Evolutionary psychologists have also made important contributions to other areas of psychology such as learning and memory. For example, in one study of what is called "adaptive memory", it was found that words with "survival relevance" such as those referring to food, shelter, or predators, are more likely to be remembered in a surprise recall task than control words (Nairne & Pandeirada, 2008). Another study of adaptive memory showed that people have an increased likelihood of recalling the "location" of objects important to their survival, compared to objects with less survival value (Nairne, VanArsdall, Pandeirada, & Blunt, 2012).
Evolutionary psychology is not without its critics (Brinkmann, 2011). Some opponents argue that science is being used to justify perpetuating unjust social policies.
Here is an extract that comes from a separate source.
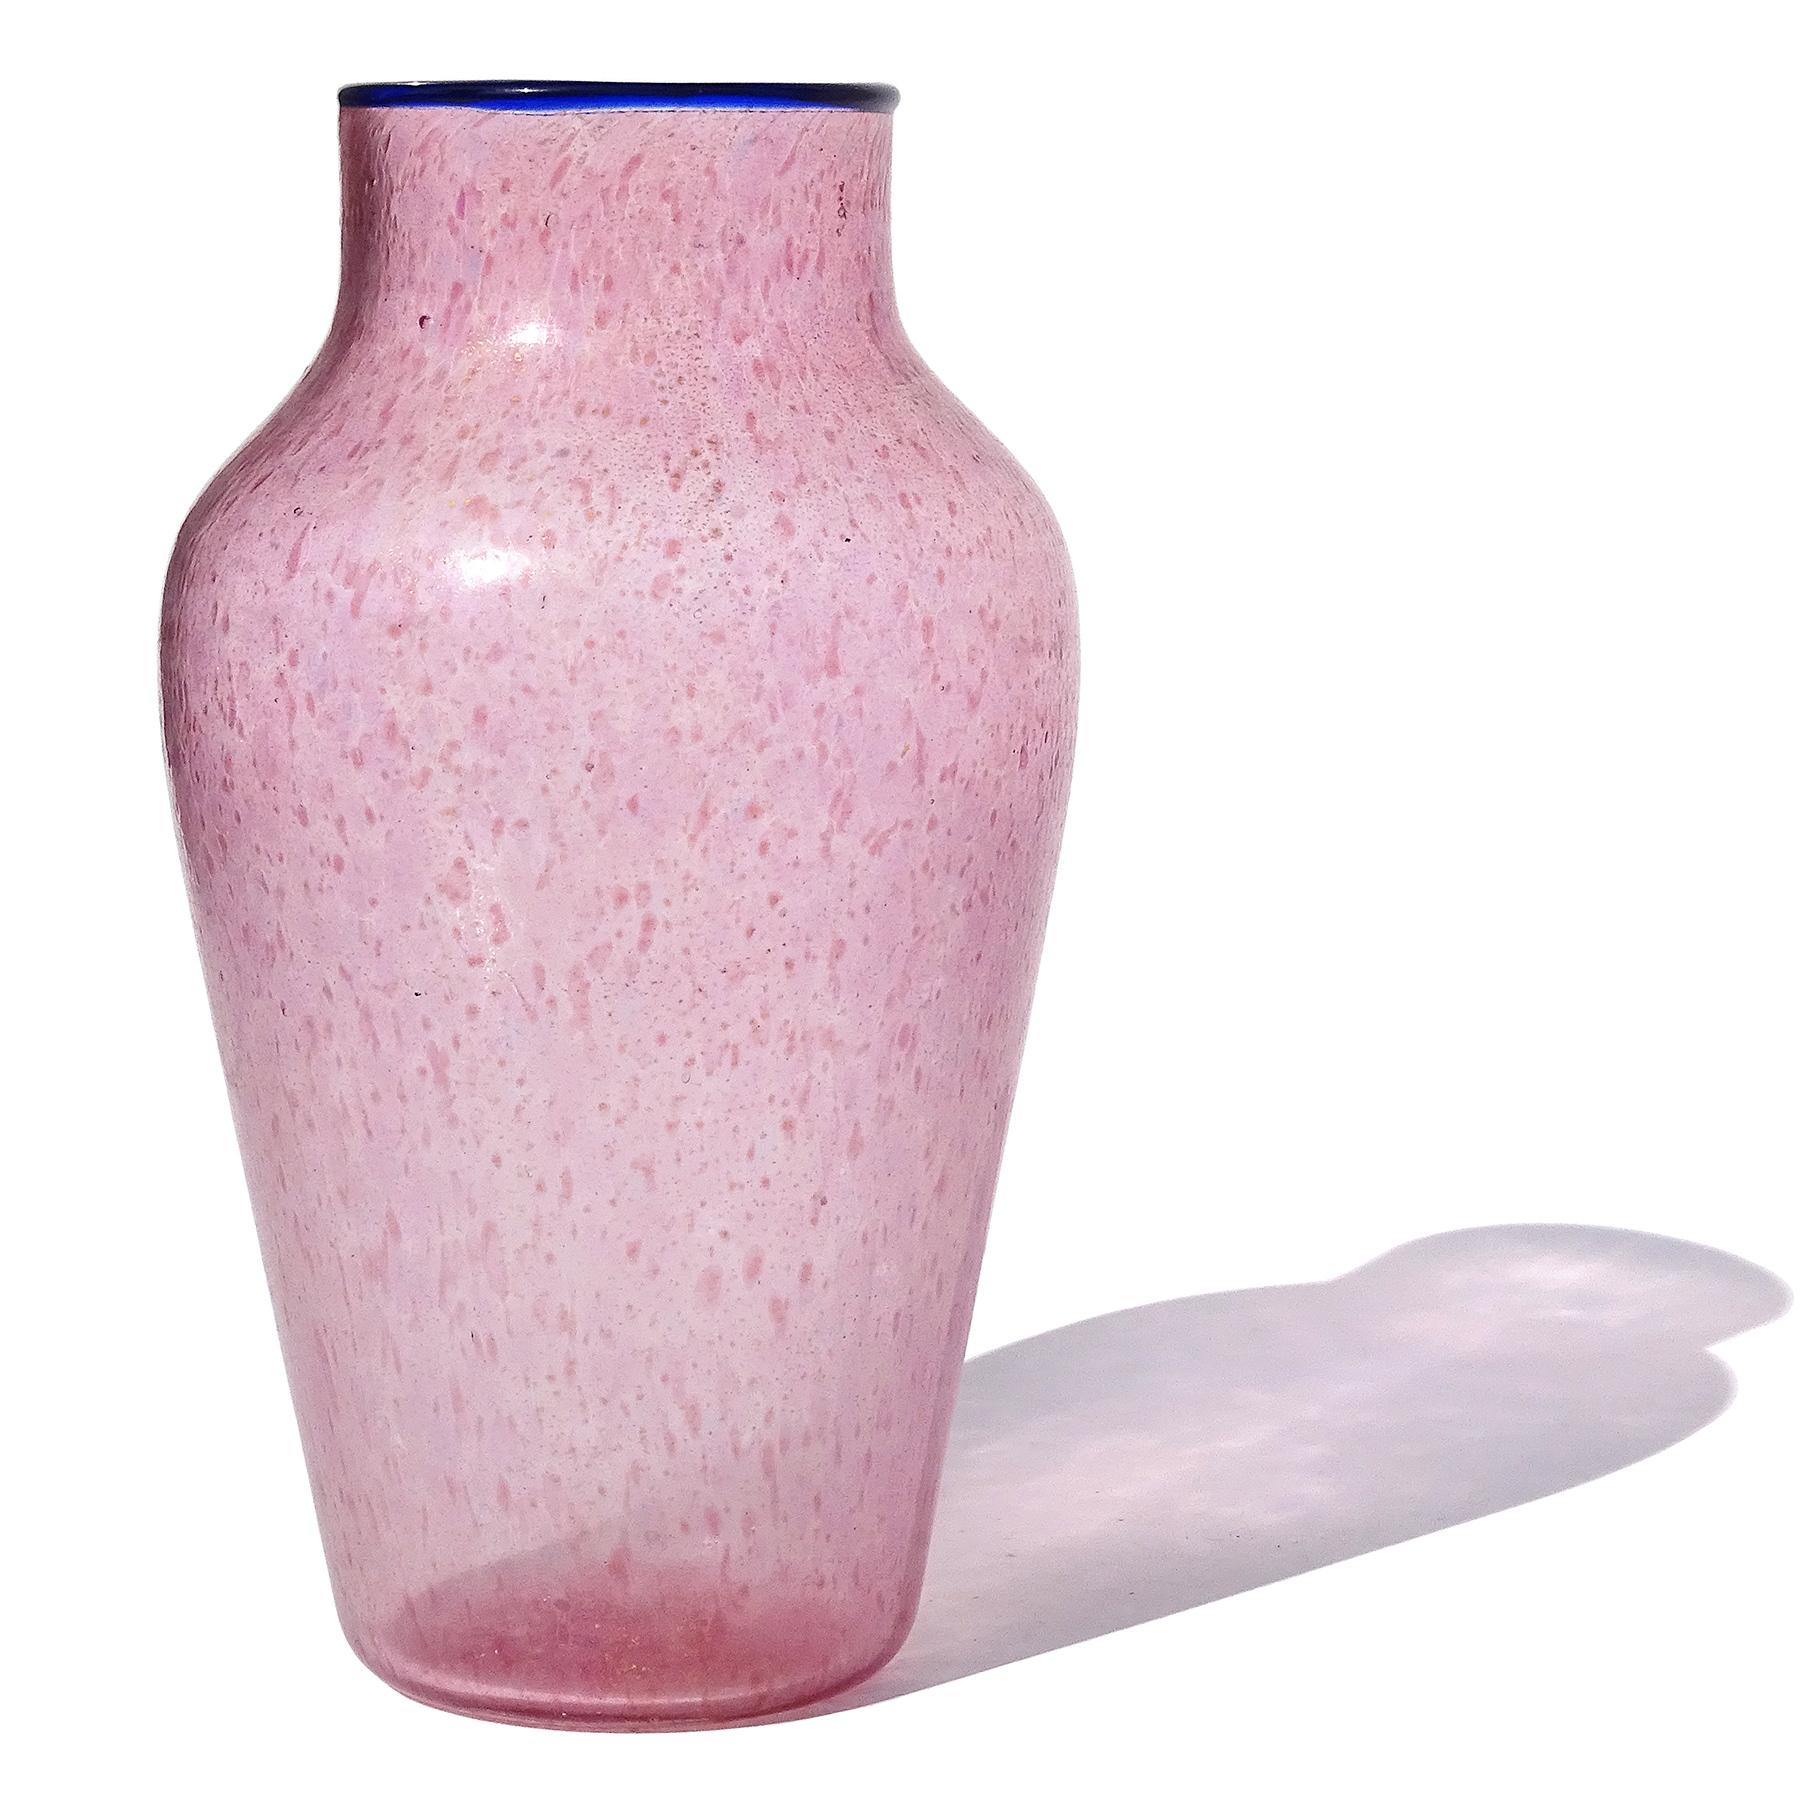 Schöne, antike, frühe venezianische / Murano mundgeblasenen rosa, blau und Goldflecken italienischen Kunstglas Blumenvase. Nach dem Vorbild der Unternehmen Salviati und Fratelli Toso geschaffen. Das Stück hat eine Menge kleiner rosafarbener und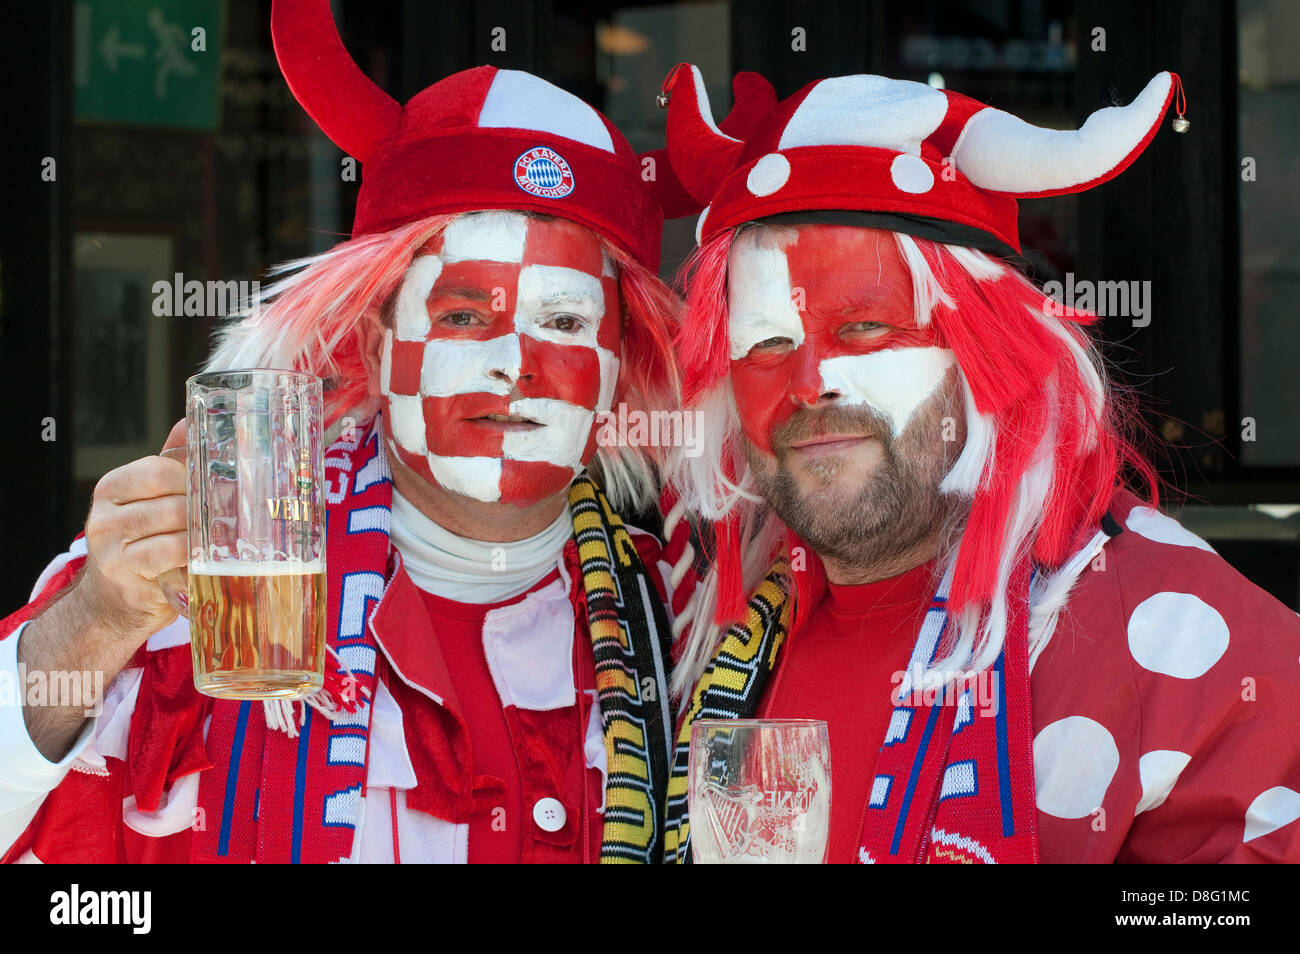 bayern munich football supporters, london, england Stock Photo

These critics claim that simply by saying a trait is adaptive implies that it is both genetically determined and good. In the past, racists and fascists have misused biological theories to promote social injustices. In Nazi Germany, for example, Jews were considered genetically inferior, a view that was used to justify their extermination. Similarly, the evolutionary theory of male-female differences in mate selection could be seen as endorsing male promiscuity, since it is biologically adaptive. In response, evolutionary psychologists are quick to point out that their aim is not to shape social policy, but to advance knowledge in psychological science and provide insights into the origins of human behavior (Buss, 2013; Confer et al., 2010).